The substance of the Seriti Commission is important. But those of us who watched a remarkable moment of grace yesterday when Advocate Hoffman was overcome with grief will have been reminded of why this country is so special.
“Engrave this upon your heart: there isn’t anyone you couldn’t love once you heard their story.” –Mary Lou Kownacki
We are a nation that knows how to tell a good story. In our founding years we spoke about angels and demons, about Davids and Goliaths. We told stories that filled in the gaps for those who wondered what had happened in long years of exile. We told of burning flesh in lonely velds. We talked about sons who went missing, and daughters whose genitals survived electric shocks. We told stories so that we could move forward.
Once the official era of story-telling was over, we turned to spin and telling tall tales.

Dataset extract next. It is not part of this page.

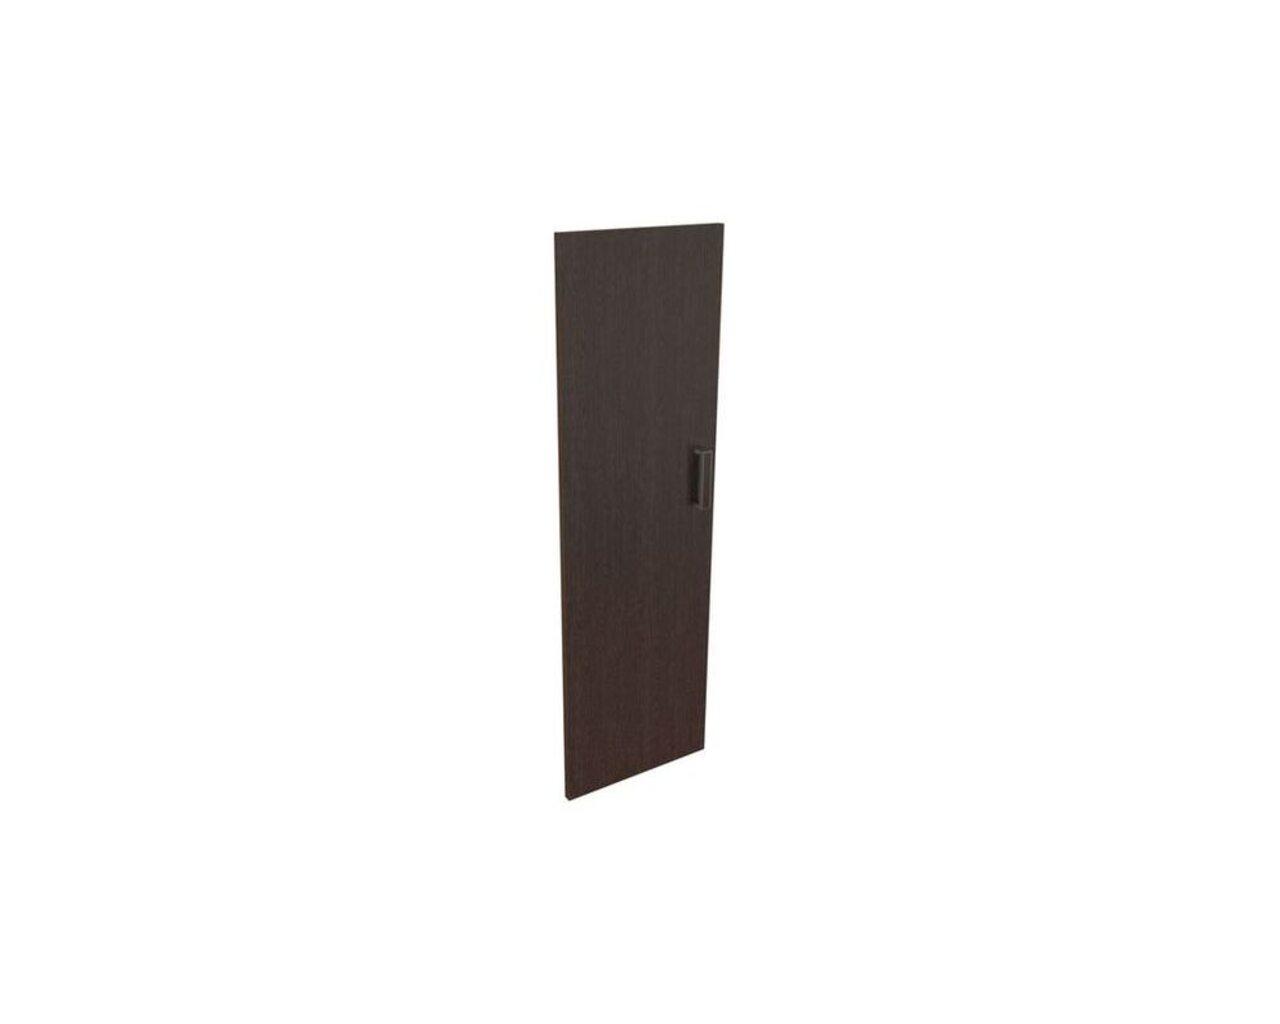 Дверь из ЛДСП к узкому стеллажу  Приоритет II 36x2x117 - фото 1

We are now well into a period in which the news transfixes us. We call into the radio to talk about what politicians steal from us and how businessmen lie to us. We are outraged when the latest story is printed about the burnt flesh of a child, about the lost head of a woman. But our talk is cheaper than airtime. Yet somehow, our capacity for listening to one another, for really understanding each other, glimmers beneath the muck.
The Arms Commission is about muck. It is about the hunt for dirt and lies and under-handed deals. It is about the new South African obsession for the truth. Where once we sought to know what happened in our past, how our loved ones disappeared, how we betrayed one another, how it came to be that some of us thought we were superior to others of us, today we thirst for the truth about who gave which tender to whom and how many cadres were deployed to which parastatals.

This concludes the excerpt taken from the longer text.